Diffraction, to quote a dictionary definition, is "a deviation in the direction of a wave at the edge of an obstacle in its path," the obstacle in this case being the loudspeaker cabinet and the wave a soundwave generated by the speaker's drive-unit(s). Although you can think of diffraction in terms of waves "bending" around an object, it is much better for what follows to view it in terms of secondary radiation. When a soundwave traveling at grazing incidence to a speaker baffle reaches that baffle's edge, there is a more or less sudden change—depending on the form of the edge—in the radiation impedance the wave experiences. All such impedance transitions give rise to a division of the wave energy between transmitted and reflected components, the reflected part being what concerns us here. In effect, the edge of the baffle re-radiates a proportion of the incident wave energy, which, because it is delayed and undergoes a 180 degrees phase shift, interferes with the sound radiated directly from the speaker drive-unit(s) in a manner that is frequency-dependent.

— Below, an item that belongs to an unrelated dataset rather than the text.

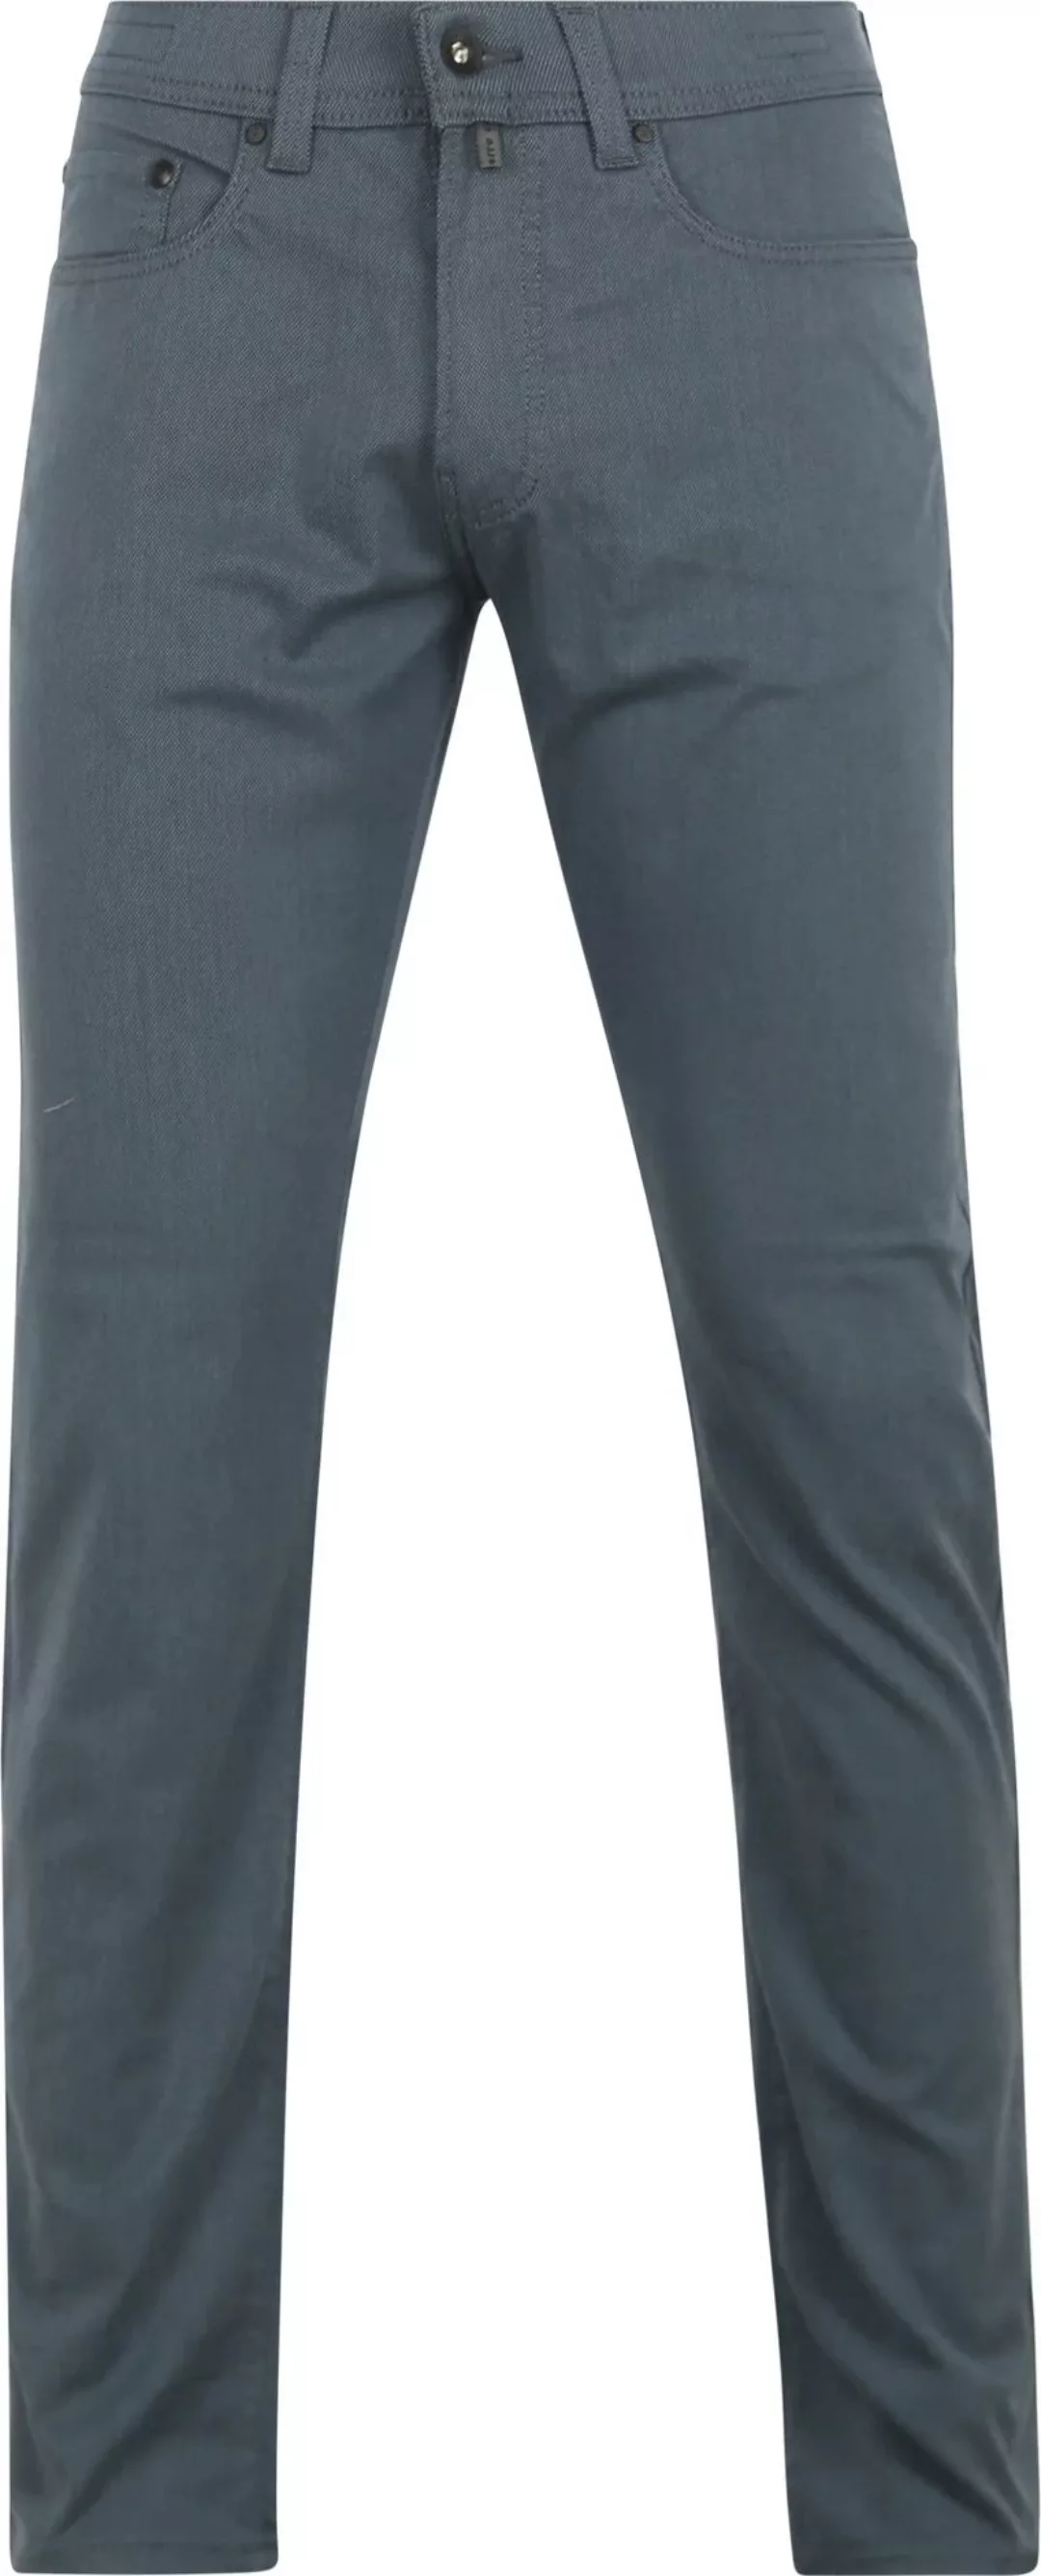 Pierre Cardin Trousers Lyon Tapered Ocean Blau - Größe W 32 - L 34 günstig online kaufen

And how. Olson's work showed that, if you were foolish enough to use a circular front baffle and place your drive-unit smack in the middle of it, you could expect response ripples of up to ±5dB, even if you were lucky enough to have a drive-unit with an inherently flat response. Whereas if you placed your blameless driver flush with the surface of a spherical cabinet, the response ripples would virtually disappear. (To appreciate just how strong the secondary radiation from the baffle edges is in the first instance, consider that if you wanted to imitate those response ripples using a second drive-unit with its output suitably delayed, its operating level would be only 5.7dB below that of the main driver.)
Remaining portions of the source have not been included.